Na sequência de dois relatórios anteriores focados na ciência física das mudanças climáticas e seus impactos, o novo relatório do Grupo de Trabalho III tem como foco principal a mitigação – em outras palavras, a redução das emissões de GEE e a remoção do dióxido de carbono (CO2) da atmosfera. Analisando mais de 18 mil estudos publicados desde o lançamento Quinto Relatório de Avaliação, em 2014, os principais nomes da ciência climática do mundo identificaram caminhos para manter o aquecimento global em 1,5°C, entre outros limites de temperatura, além de avaliar a viabilidade, eficácia e os benefícios de diferentes estratégias de mitigação.

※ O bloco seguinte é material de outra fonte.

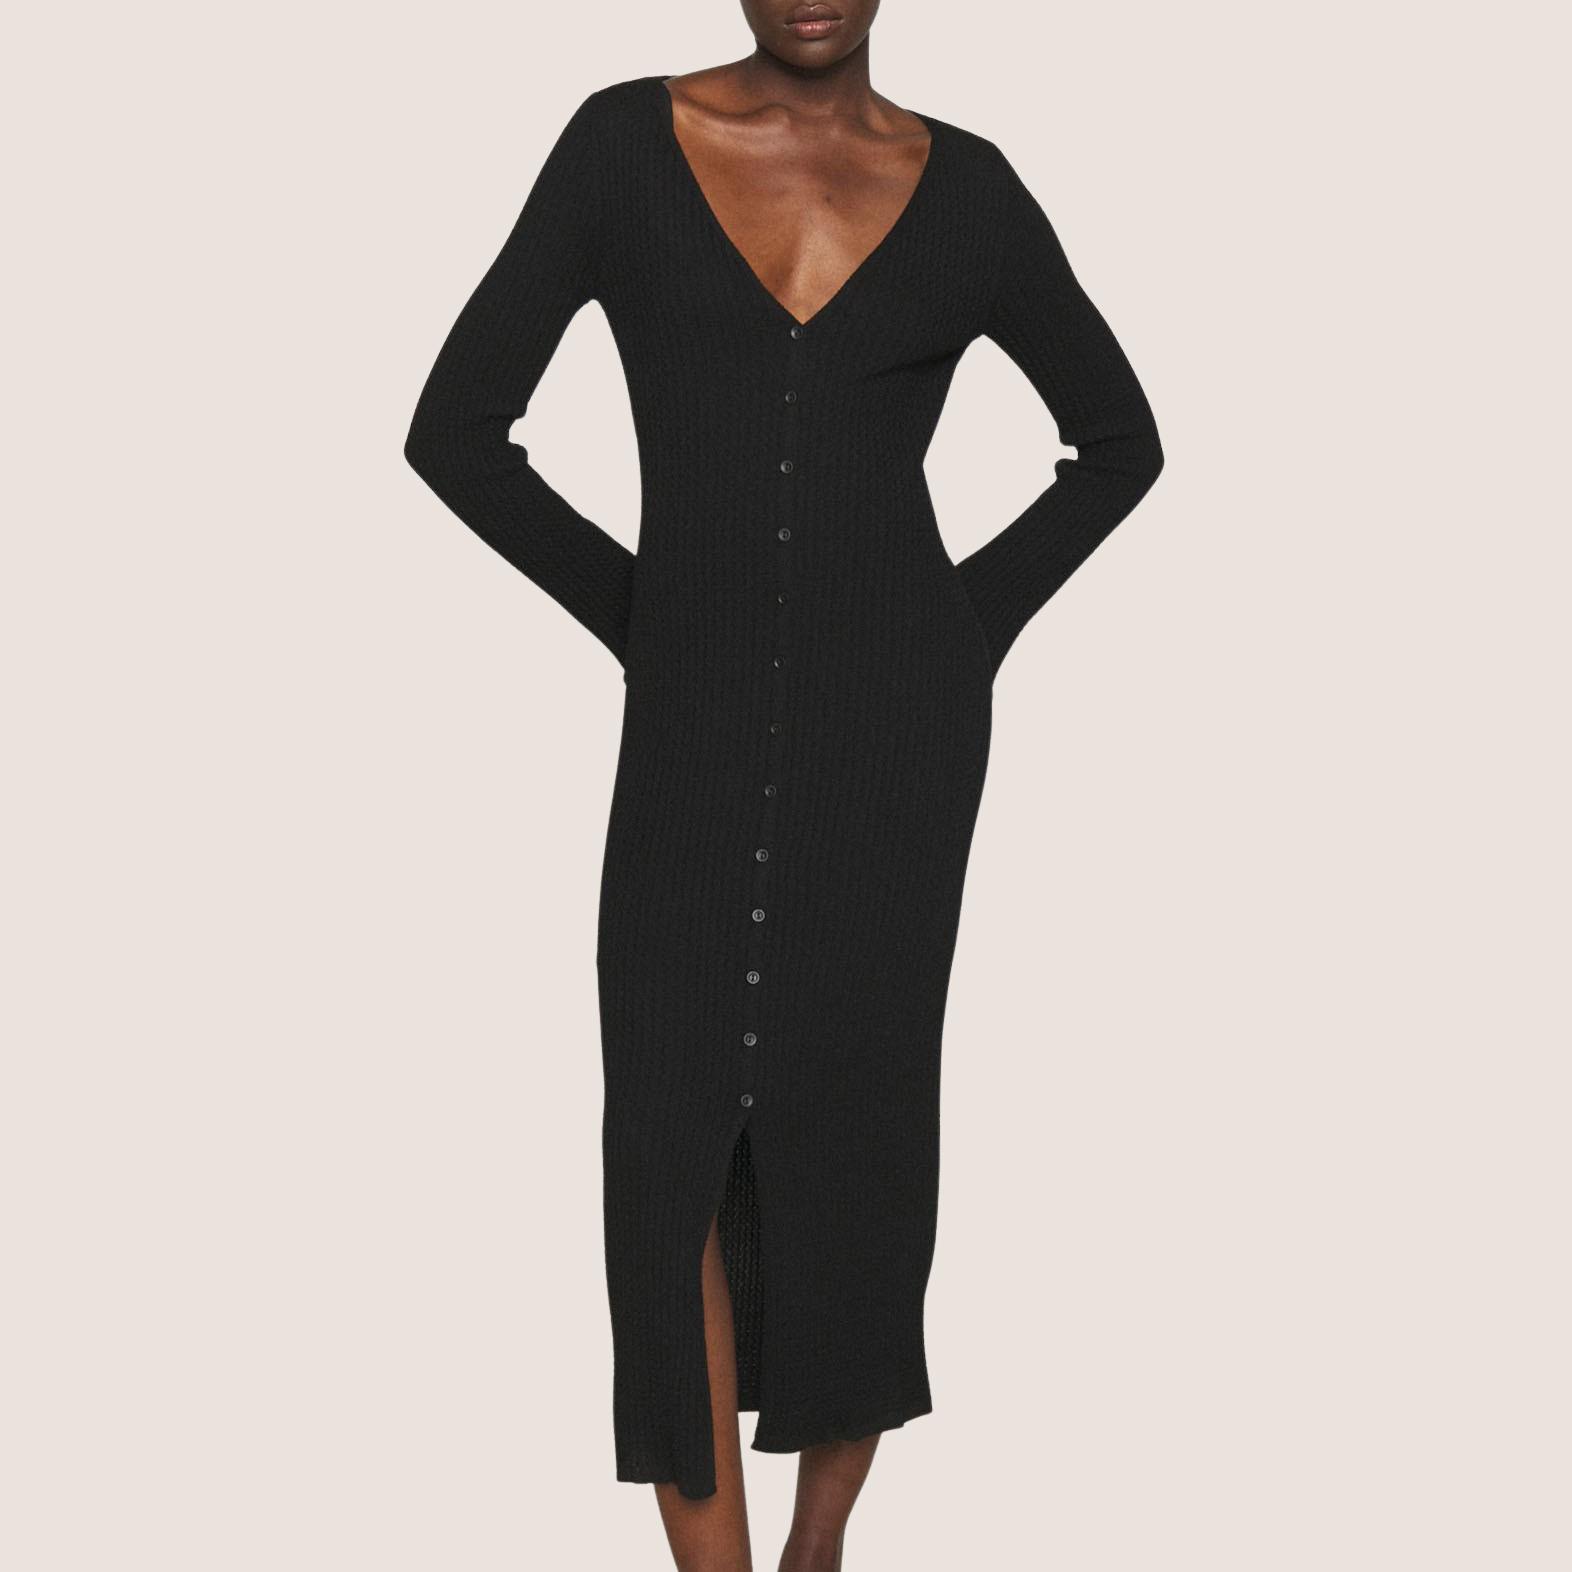 Long Bottom Down Knit Dress

A seguir, confira as seis principais conclusões do relatório do IPCC sobre mitigação das mudanças climáticas:
Globalmente, as emissões de GEE aumentaram ao longo da última década, atingindo 59 gigatoneladas de CO2 equivalente (GtCO2e) em 2019 – cerca de 12% a mais do que em 2010 e 54% a mais que em 1990. Porém, nas trajetórias modeladas no estudo, compatíveis com a meta de 1,5°C do Acordo de Paris (com ou sem excedente), as emissões de GEE precisam parar de crescer em 2025 e depois cair 43% até 2030 (em relação aos níveis de 2019).
Embora haja alguns sinais de avanço – a taxa anual de aumento das emissões de GEE caiu de uma média de 2,1% entre 2000 e 2009 para 1,3% entre 2010 e 2019 –, os esforços globais para mitigar as mudanças climáticas continuam longe do necessário. Até o momento, 24 países conseguiram reduzir as emissões por mais de uma década.
Mesmo que os países atinjam as metas de seus compromissos climáticos nacionais mais recentes (NDCs), a diferença entre as emissões globais de GEE e o nível necessário para o limite de 1,5°C seria de seria de 19 a 26 GtCO2e em 2030. Isso é mais do que as emissões de 2018 de Estados Unidos e China somadas. Embora alguns países tenham anunciado NDCs novas ou aprimoradas desde o último prazo do IPCC, as promessas atuais não são ambiciosas o suficiente para preencher essa lacuna.
O IPCC mostra que, nas trajetórias que limitam o aquecimento a 1,5°C (com ou sem excedente), apenas 510 Gt líquidas de CO2 ainda poderiam ser emitidas antes de chegarem ao zero líquido por volta da metade do século (2050-2055). No entanto, as projeções das emissões futuras de CO2 provenientes da infraestrutura baseada em combustíveis fósseis já existente ou já planejada indicam que as emissões chegarão a 850 Gt – 340 Gt acima do limite.
Uma combinação de diferentes estratégias pode ajudar a evitar essas emissões projetadas. Entre elas, desativar infraestruturas existentes, cancelar novos empreendimentos, adaptar as usinas de energia ainda alimentadas por combustíveis fósseis com tecnologias de captura e armazenamento de carbono e fazer a transição para combustíveis de baixo carbono.
Embora Estados Unidos e Europa estejam começando a desativar as usinas a carvão, alguns bancos internacionais de desenvolvimento ainda estão investindo em novos empreendimentos do gênero. Não mudar de rumo resultará em trilhões de dólares em ativos ociosos.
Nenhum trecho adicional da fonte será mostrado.